View source: R/Node_analysis_function.R

Node_analysisR Documentation

Calculate GND and SOS scores for a phylogeny and community data set

Description

Goes through each node in the phylogeny, and compares the distribution overlap of sister clades to that expected from a null mode that considers node size, species richness and range size.

Usage

Node_analysis(nodiv_data, repeats = 100, method = c("rdtable", "quasiswap"), 
                cores = 1, log_parallel_progress = FALSE)
## S3 method for class 'nodiv_result'
summary(object, ...)
## S3 method for class 'nodiv_result'
print(x, printlen = 4, ...)
## S3 method for class 'nodiv_result'
plot(x, label = nodenumbers(x), zlim = 0:1, ...)

Arguments

nodiv_data

An object created by the nodiv_data function

repeats

Number of null communities to create at each node

method

The null model algorithm used to simulate random communities

cores

The number of cores to use in the computation. Note that multi-core processing is yet unimplemented.

log_parallel_progress

If this is TRUE, the results from each node will be saved as an '.rda' file in the working directory. Useful for large parallel computations.

object

The nodiv_result object

x

The nodiv_result object

printlen

The number of species to print to screen

label

The text to use for labelling nodes in the plot

zlim

The values of GND to use for the extremes of the color scale on the plot

...

Further arguments to be passed to the function

Details

The "rdtable" algorithm is efficient, but may underestimate the deviation between nodes. It should primarily be used for exploratory data analysis. Note that the more robust "quasiswap" algorithm may take days to run on larger data sets.

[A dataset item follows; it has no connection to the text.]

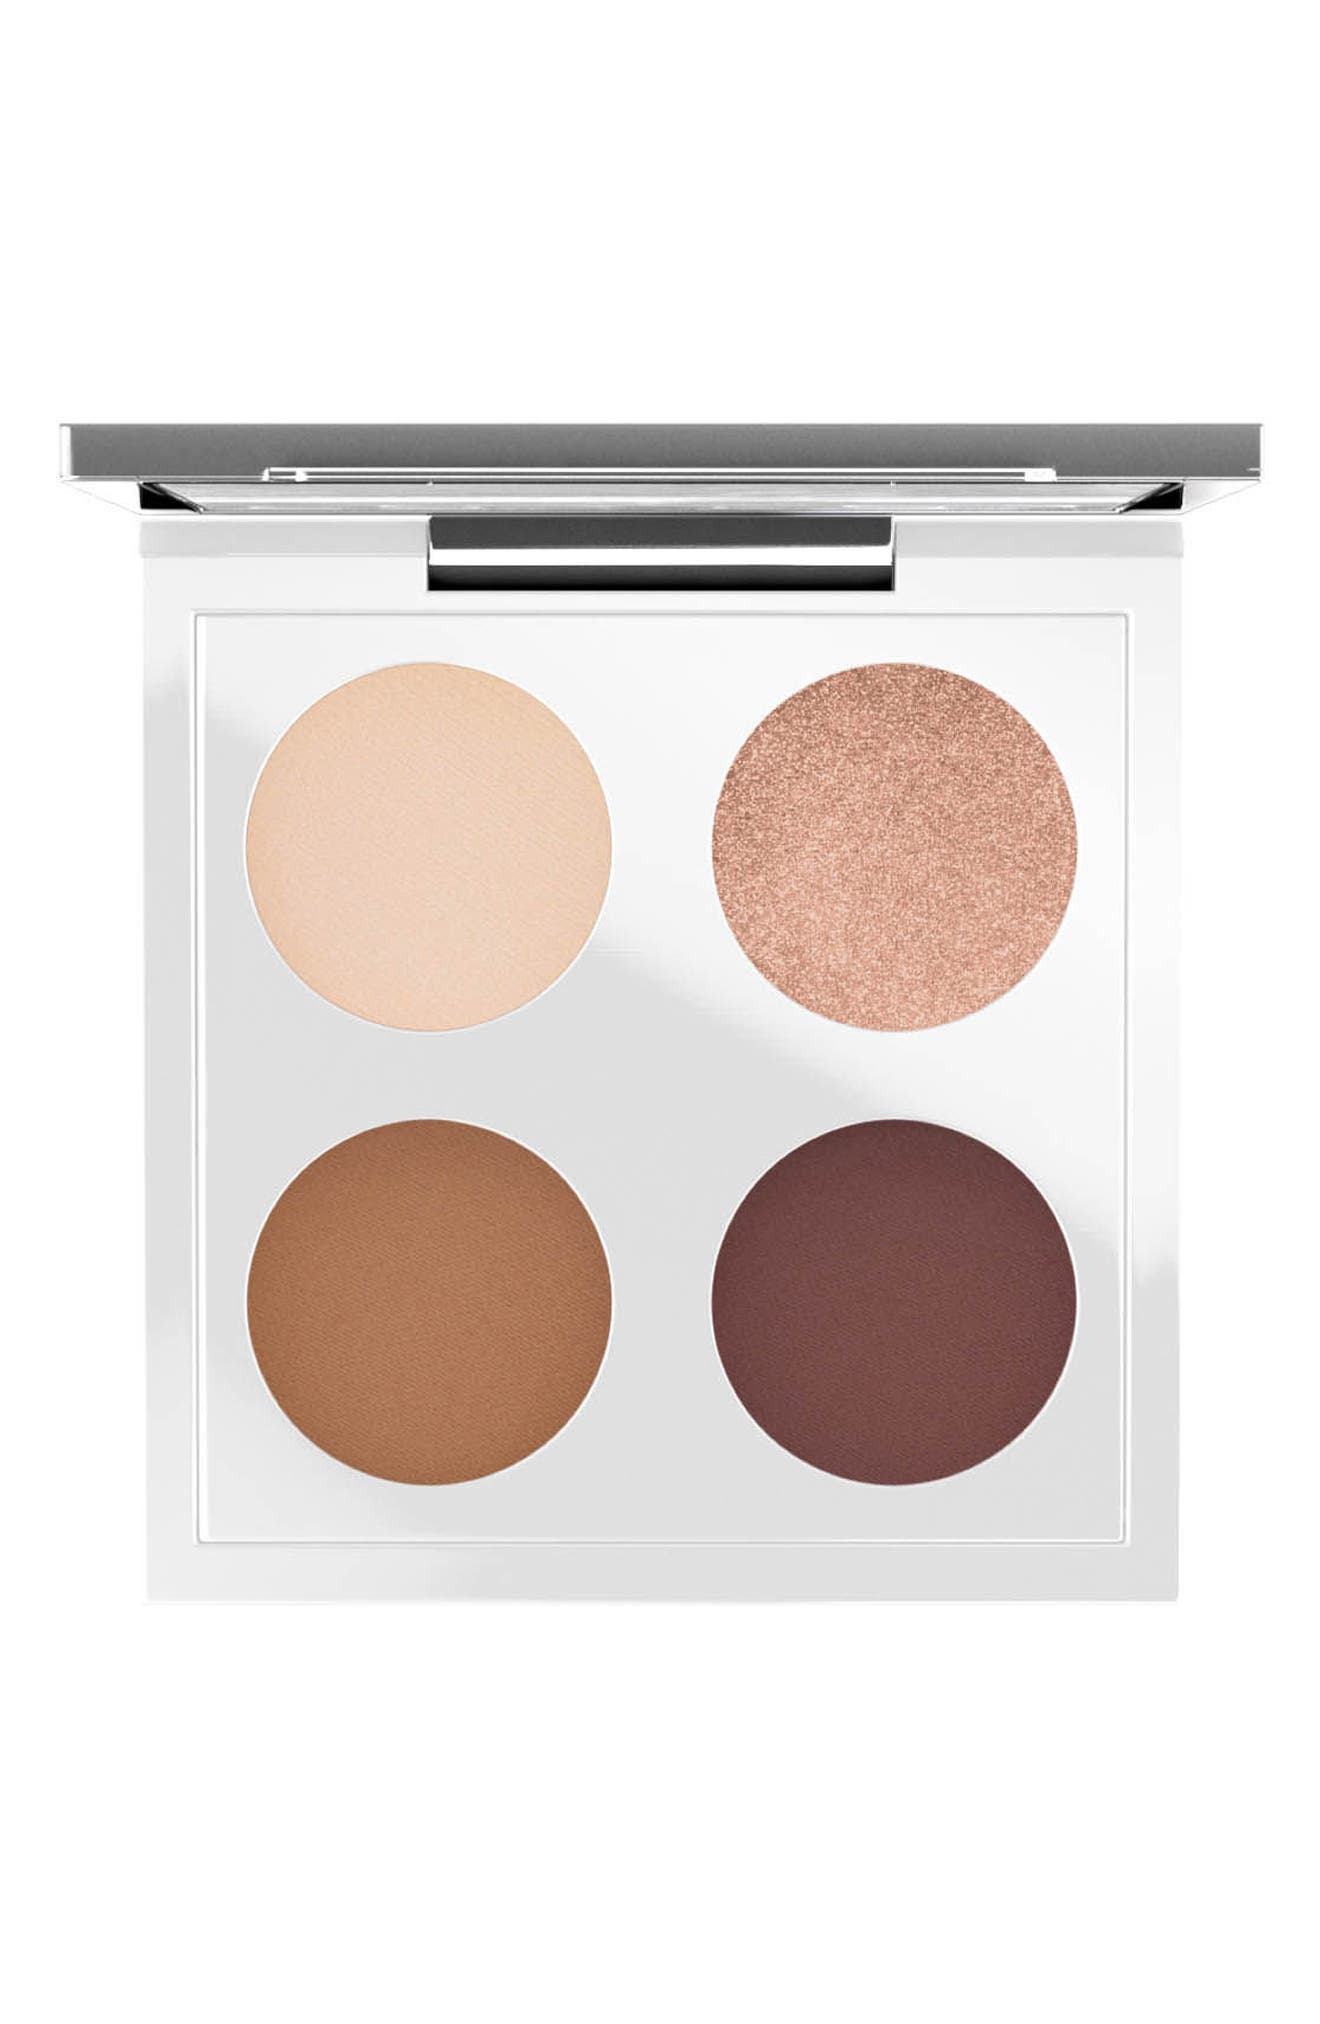 MAC x Patrickstarrr Eyeshadow Palette

The plot function for nodiv_result plots the phylogenetic tree with colored symbols at the nodes. The color and size the nodes are proportional with the GND value of the node.

Value

The result is an object of type nodiv_result, which has the following components:

GND

A numeric vector between 0 and 1 describing the distributional divergence associated with a node

SOS

A numeric matrix given the SOS of values, which expresses the difference between empirical and expected species richness of each clade at each site

It also includes all the elements of the nodiv_data object:

coords

A SpatialPointsDataFrame or SpatialPixelsDataFrame (from sp) with spatial coordinates, and one column named sites containing the site names

comm

The community matrix

type

A character vector describing the type of data

species

A list of species names

shape

An optional slot detailing a shapefile object for plotting the data

phylo

A phylogeny of type phylo from package ape

Author(s)

Michael Krabbe Borregaard

References

Borregaard, M.K., Rahbek, C., Fjeldsaa, J., Parra, J.L., Whittaker, R.J. & Graham, C.H. 2014. Node-based analysis of species distributions. Methods in Ecology and Evolution 5(11): 1225-1235. DOI: 10.1111/2041-210X.12283

See Also

plotSOS

Examples

data(coquettes)
res <- Node_analysis(coquettes, 50, "rdtable")
opar <- par(mfrow = c(1,2))
plot(res)
plotSOS(res, 28, shapefill = terrain.colors(64))
summary(res)
par(opar)

nodiv documentation built on Aug. 21, 2023, 9:10 a.m.